Chapter 16:1-17 (ESV) - Then Job answered and said:
“I have heard many such things;
miserable comforters are you all.
Shall windy words have an end?
Or what provokes you that you answer?
I also could speak as you do,
if you were in my place;
I could join words together against you
and shake my head at you.
I could strengthen you with my mouth,
and the solace of my lips would assuage your pain.
“If I speak, my pain is not assuaged,
and if I forbear, how much of it leaves me?
Surely now God has worn me out;
he has made desolate all my company.
And he has shriveled me up,
which is a witness against me,
and my leanness has risen up against me;
it testifies to my face.
He has torn me in his wrath and hated me;
he has gnashed his teeth at me;
my adversary sharpens his eyes against me.
Men have gaped at me with their mouth;
they have struck me insolently on the cheek;
they mass themselves together against me.
God gives me up to the ungodly
and casts me into the hands of the wicked.

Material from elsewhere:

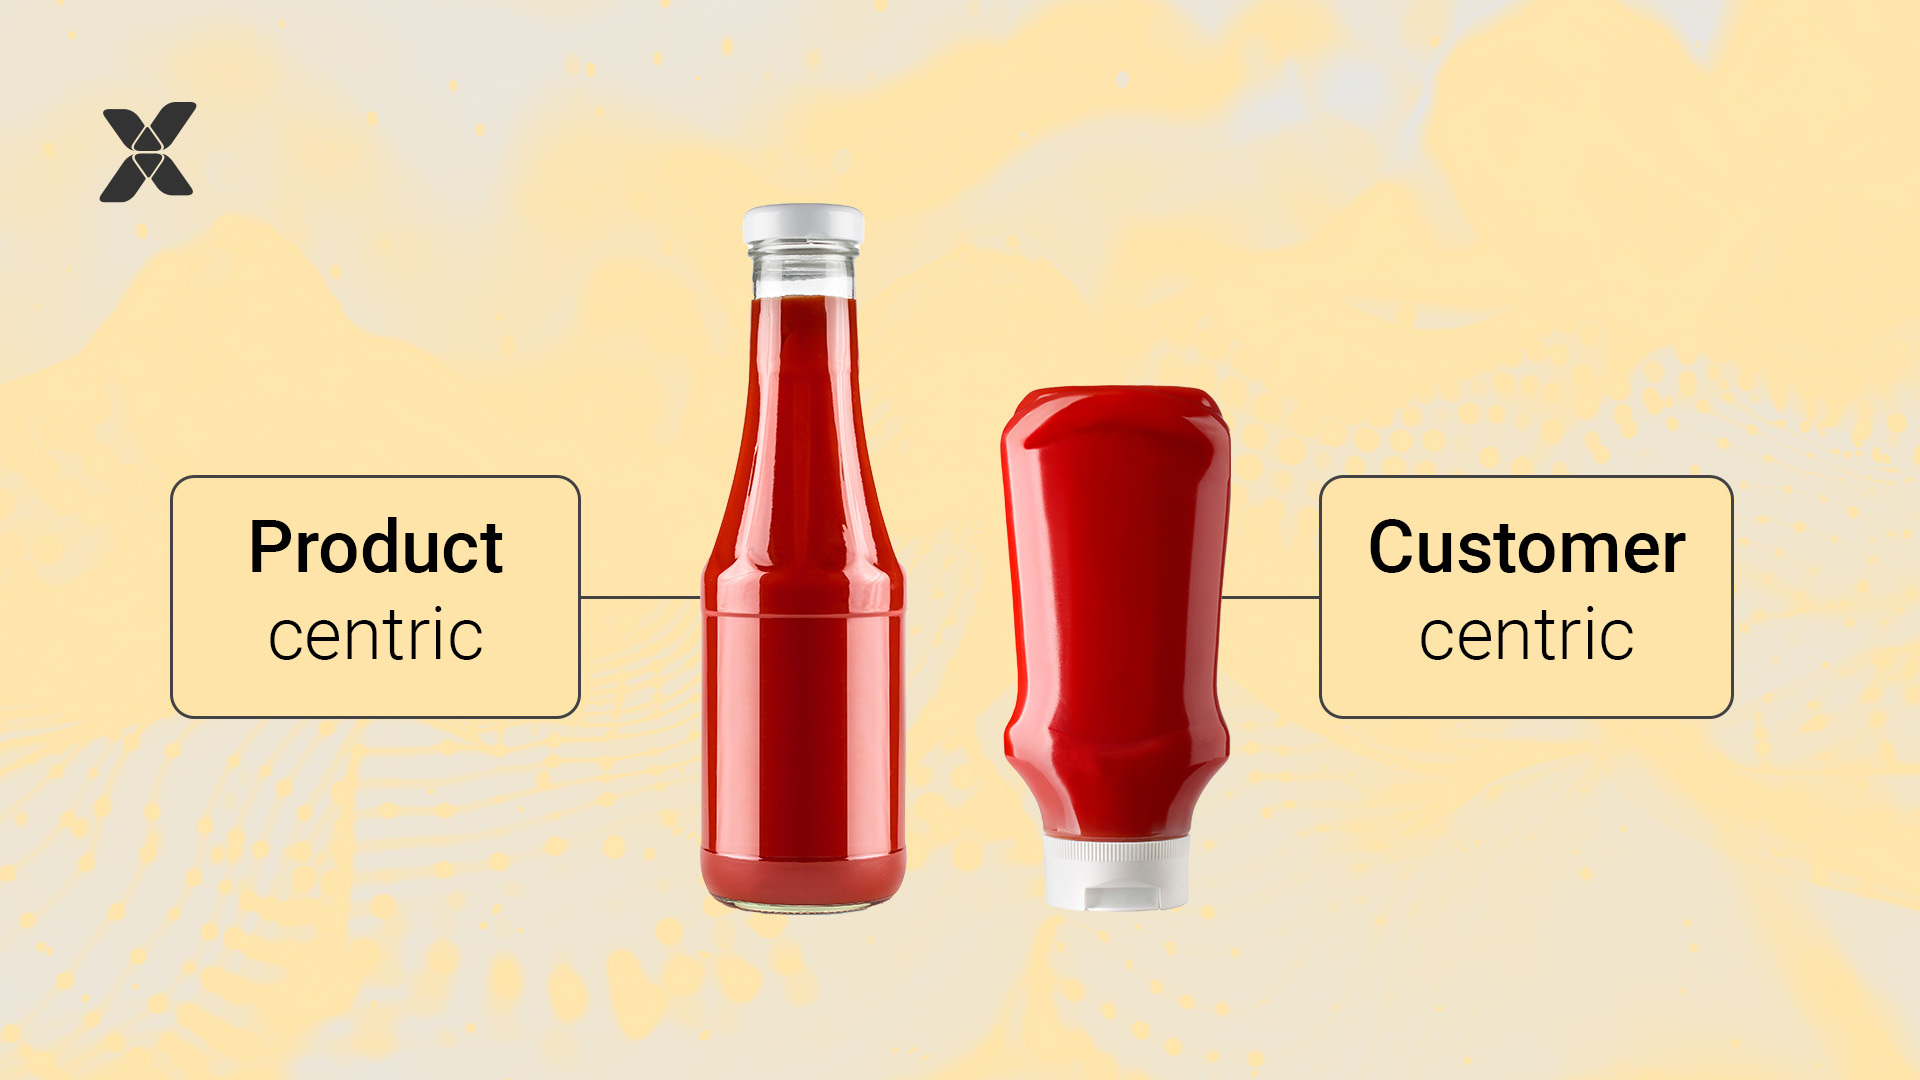 two ketchup bottles, one representing a product centric approach and the other representing a customer centric approach

I was at ease, and he broke me apart;
he seized me by the neck and dashed me to pieces;
he set me up as his target;
his archers surround me.
He slashes open my kidneys and does not spare;
he pours out my gall on the ground.
He breaks me with breach upon breach;
he runs upon me like a warrior.
I have sewed sackcloth upon my skin
and have laid my strength in the dust.
My face is red with weeping,
and on my eyelids is deep darkness,
although there is no violence in my hands,
and my prayer is pure.
Question to consider: How was Job’s suffering a type and shadow of Christ?
As difficult as Job’s grief and disease was to bear, it must have felt like a continuous assault to hear the accusations from his friends. If Job’s words were a bunch of hot air coming from his belly then from where did their words come? Given the false accusations of sin against Job, I think the implication is that their words originated from Satan. If the situation was reversed, and Job was visiting his friends who had experienced terrible loss and disease, he would have offered words to strengthen and comfort them rather than kick them when they were down. They criticized him for rejecting their advice which they professed to be the comfort of God, but they left him cold and empty.
Instead, Job only had his own words which did not bring him comfort or assuage his pain, and yet his silence was not helpful either. He felt exhausted and alone— worse than alone actually because he felt like God had let him fall into the hands of wicked men. Job poetically compared his situation to someone who was being torn apart and pierced by his enemies while his blood poured out on the ground. Through it all, he did not retaliate nor cry out against those who persecuted him.
I believe Job is a type and shadow of Christ in his suffering. Surely Job could also have cried out in this moment, “My God! My God! Why have You forsaken me?” Although Job was not bearing the sins of the world like Christ, Peter could have used these words about him in his suffering, “He committed no sin, neither was deceit found in his mouth. When he was reviled, he did not revile in return; when he suffered, he did not threaten, but continued entrusting himself to him who judges justly.” (1 Peter 2:22-23)
Dear Lord, thank You for suffering so that we can be made righteous. We are blessed to live at a time when we can look to You during our times of suffering and know that it will serve Your good and holy purpose. Amen.